Civilian authorities in North Carolina have charged psychological operations Master Sgt. Joshua Glardon with one count of first degree statutory rape and 15 counts of felony second degree sexual exploitation of a child.

The NCO was arrested on Sept. 9 and transferred to the Cumberland County Jail on Sept. 15, according to jail records.

At the time of his arrest, Glardon was assigned as an ROTC instructor at Appalachian State University in Boone, North Carolina. He had been with the ROTC unit since April.

Glardon is currently being held in the Cumberland County Jail on a $1.1 million bond.

According to court records obtained by the Fayetteville Observer, investigators first scrutinized Glardon in April after the N.C. State Bureau of Investigation determined child pornography was being accessed from his home.

Glardon purportedly distributed at least 15 photographs depicting sexual assaults of young girls between December 2020 and July 2021, the Fayetteville Observer reported.
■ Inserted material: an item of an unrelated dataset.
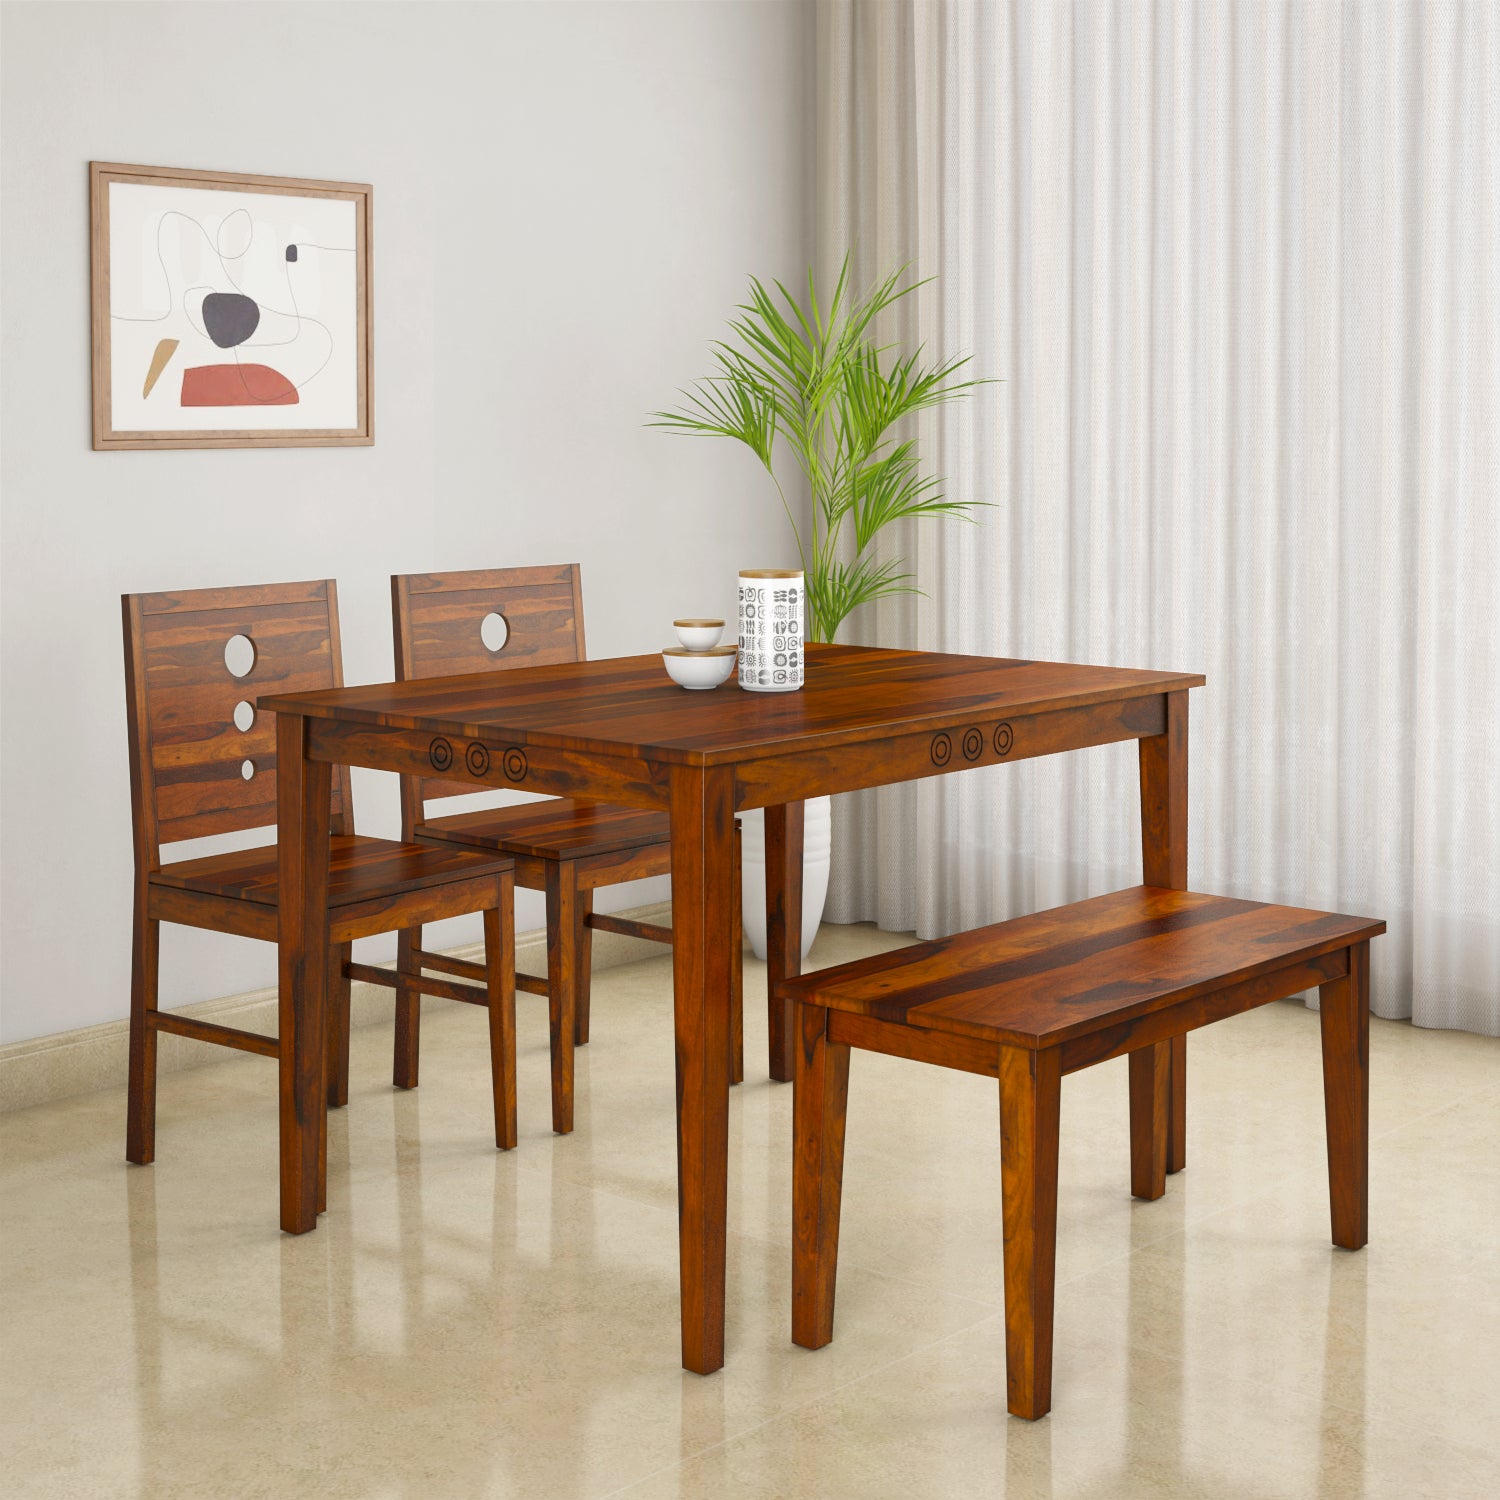 Target 4 Seater Dining Set With Bench (Walnut)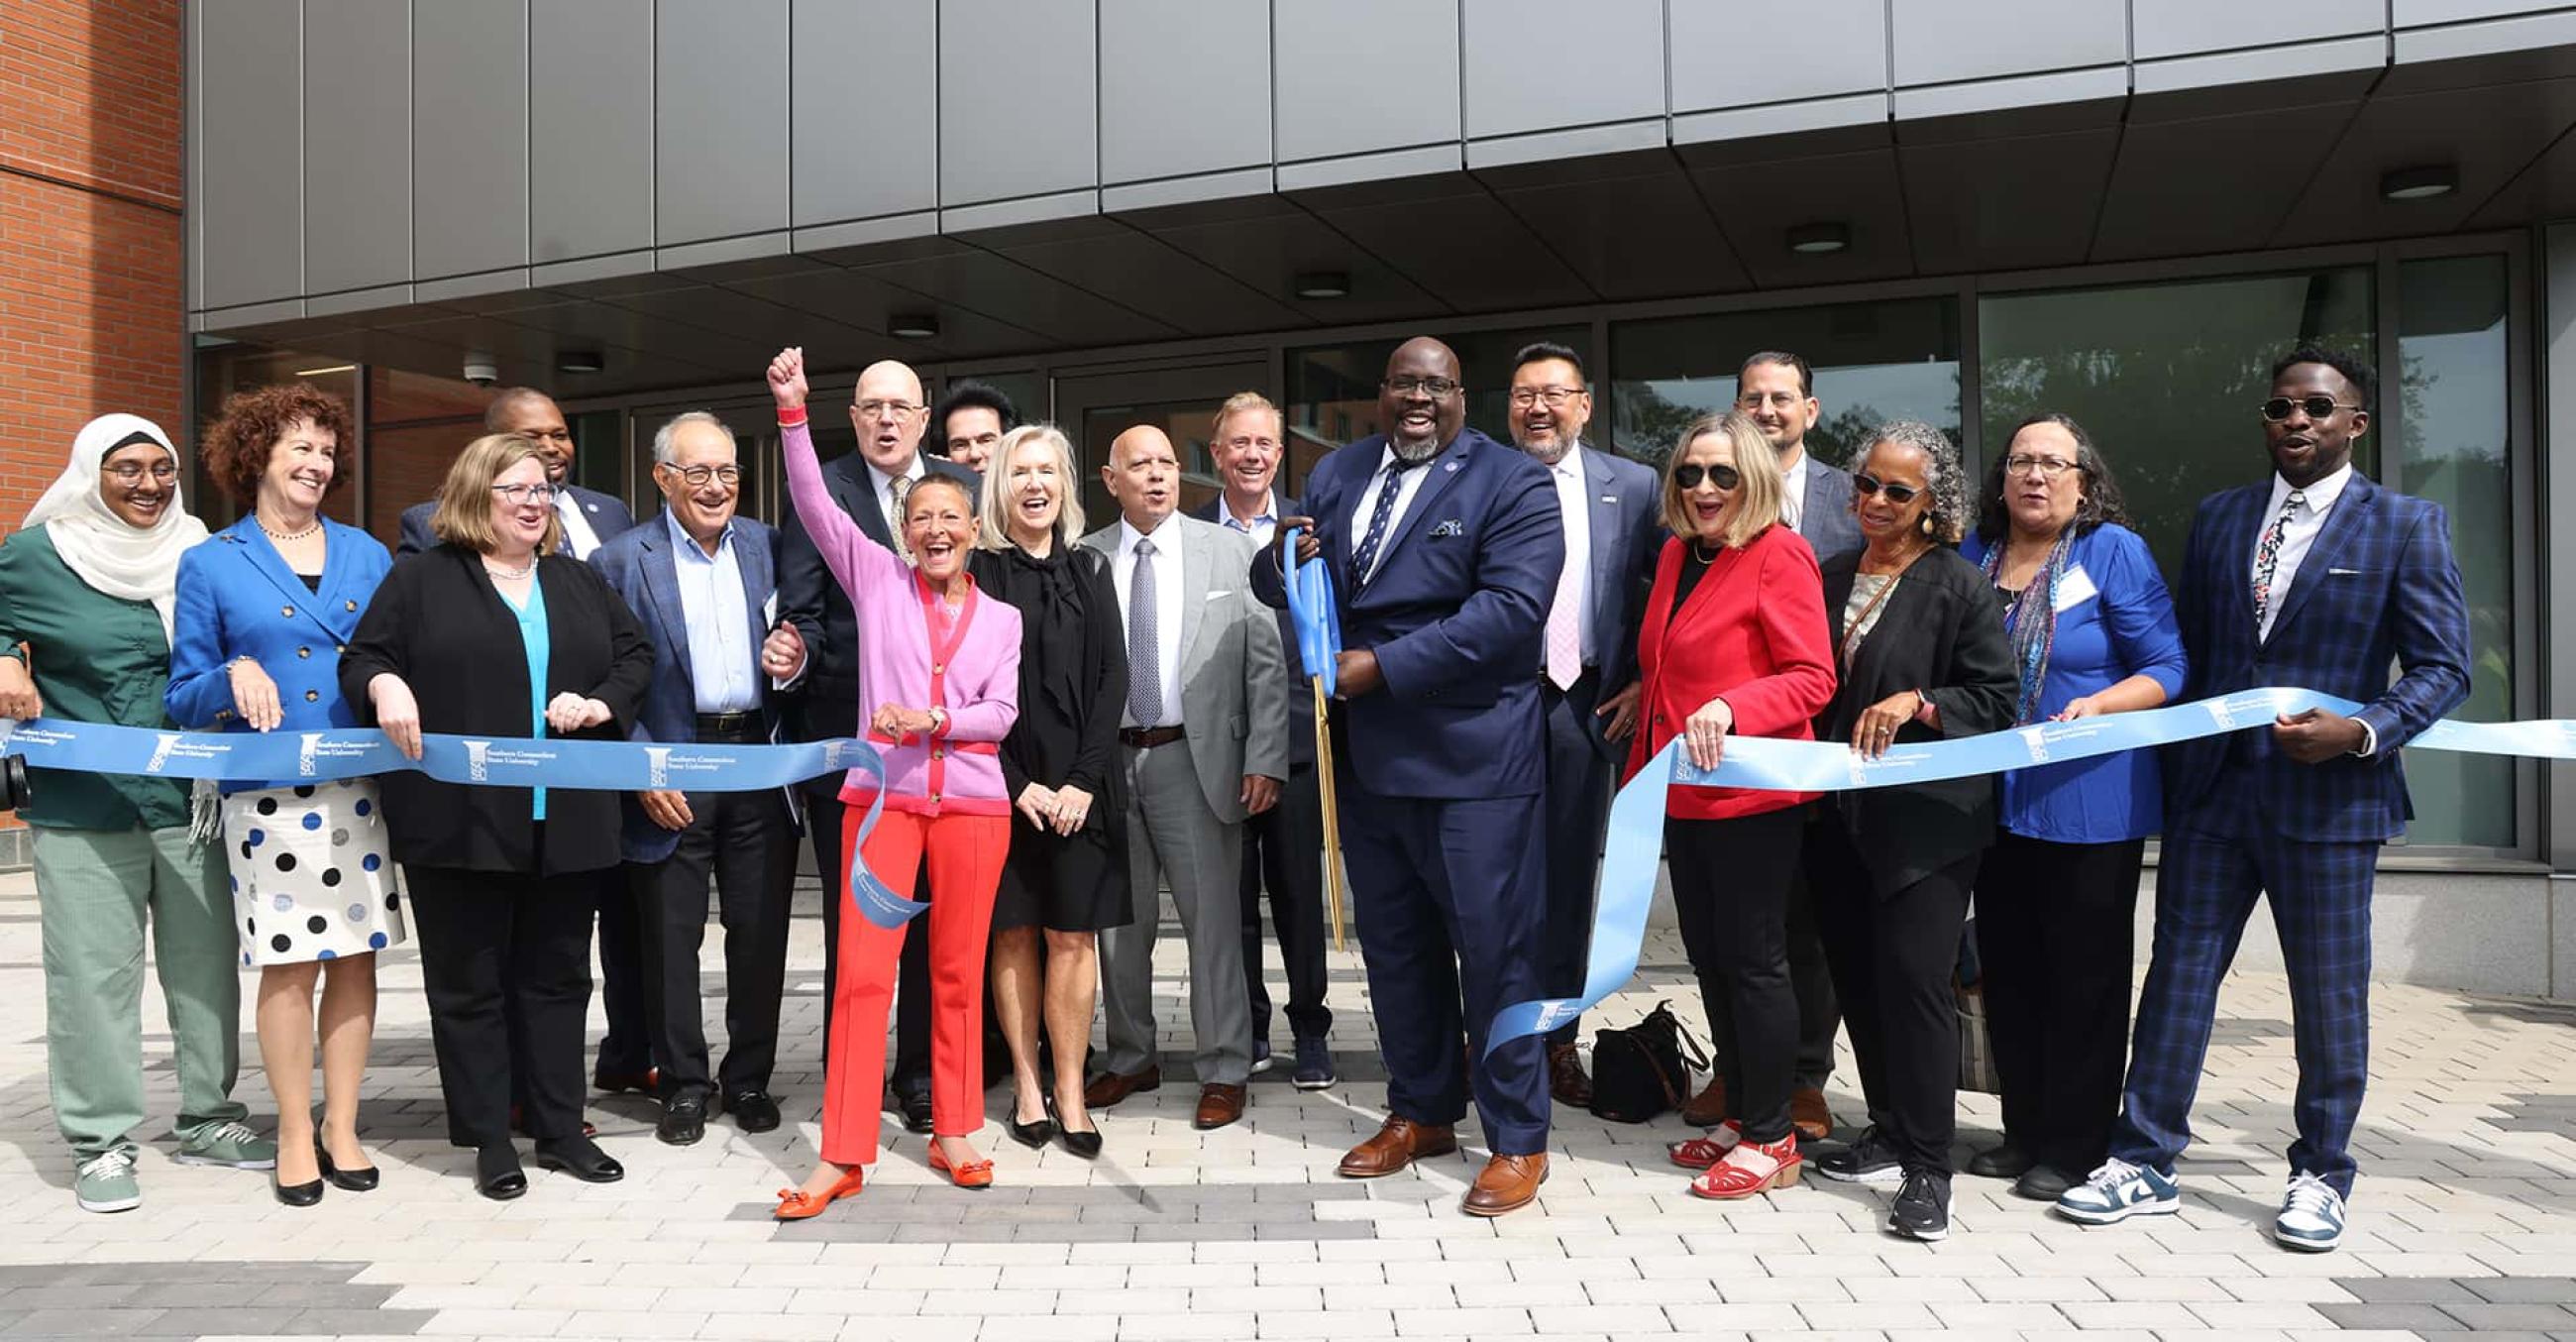 Interim President Dwayne Smith, center, cuts the ribbon on the new School of Business, with the assistance of CSCU Chancellor Terrence Cheng, Governor Ned Lamont, School of Business Dean Jess Boronico, and distinguished guests

The senior NCO’s mistress also allegedly sent photos and included her underage daughter in a sexual encounter with Glardon, leading him to commit “a sex offense” against the girl, according to the Fayetteville Observer. She too was arrested and charged.

In his previous assignment as first sergeant of Bravo Company, 1st Psychological Operations Battalion, Glardon came under multiple investigations for alleged counterproductive leadership and sexual harassment, said Maj. Dan Lessard, a spokesperson for 1st Special Forces Command.

Social media rumors about Glardon’s past fueled speculation that PSYOP leaders may have mishandled sexual harassment allegations against the NCO.

Army Times could not independently verify these claims — multiple former PSYOP colleagues and supervisors declined to speak about Glardon’s conduct when reached by Army Times.

Each of the investigations into Glardon’s conduct as first sergeant failed to substantiate the allegations made against him, Lessard told Army Times.

“In January 2020, Master Sgt. Joshua Glardon was temporarily suspended from his First Sergeant duties during an investigation into allegations of counterproductive leadership,” said Lessard, the 1st SFC spokesperson. “While the investigation resulted in unsubstantiated allegations, Master Sgt. Glardon received a letter of concern to address his leadership approach.”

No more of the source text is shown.